We booked a 10-day plains game hunt in the Eastern Cape of South Africa. Already working up loads for my new 300 H&H!

I have always wanted to face the Cape Buffalo, but I could not conscience the expense...maybe some day. 

I don't know how I am going to wait 15 months!


Tim


----------



## tarbe (Apr 7, 2007)

Chronographed some loads from the H&H yesterday.

220gr Nosler Partition topped out at 2,814 fps. This is with a well-above book max load of IMR 7828 SSC in a rifle that has had the throat lengthened by 0.2". The bullets were seated out for an OAL of 3.8".

Way too windy to shoot for accuracy (30 mph and gusty).


----------



## oneraddad (Jul 20, 2010)

I don't understand your way of thinking, going to Africa to kill something just seems like a waste in my opinion.


----------



## whistler (Apr 20, 2005)

Having been to Africa a few times but never for a hunting safari, I must say I am excited for you and a bit jealous too. I was only ever in the Ugandan National Parks but the experience was unreal, amazing, and thoroughly addicting.
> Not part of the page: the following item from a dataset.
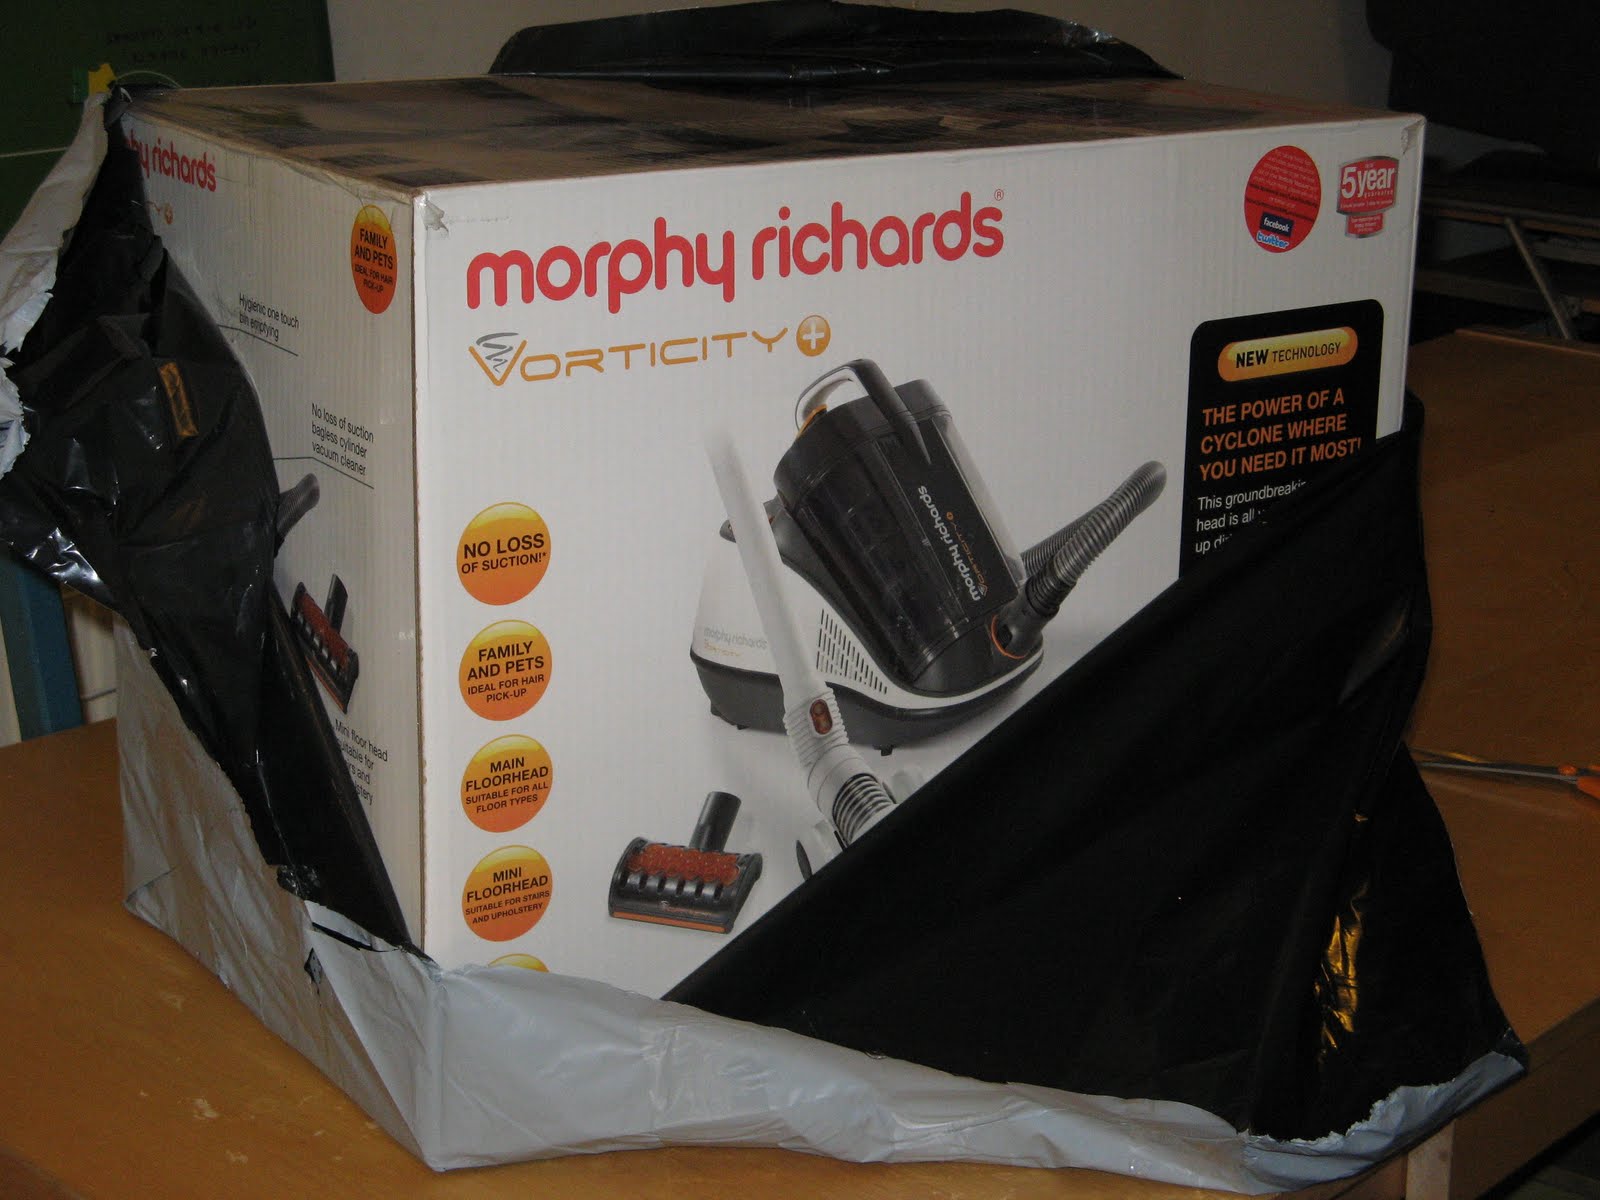 Morphy Richards Vorticity

Of course it is a bit sad too. Thinking about what once was and comparing that to what it has become and how it will likely end.

Please do post pictures when you get back.


----------



## Bret (Oct 3, 2003)

Good luck on the prep. Have fun.

Grins with Groucho Marx in the back of my mind...on tusks etc. I won't repeat him. You've heard them all.


----------



## RonM (Jan 6, 2008)

Enjoy your adventure, Africa never appealed to me , maybe a Mule Deer hunt in the West would be my style, I love venison......Enjoy the planning too.......


----------



## tarbe (Apr 7, 2007)

oneraddad said:


> I don't understand your way of thinking, going to Africa to kill something just seems like a waste in my opinion.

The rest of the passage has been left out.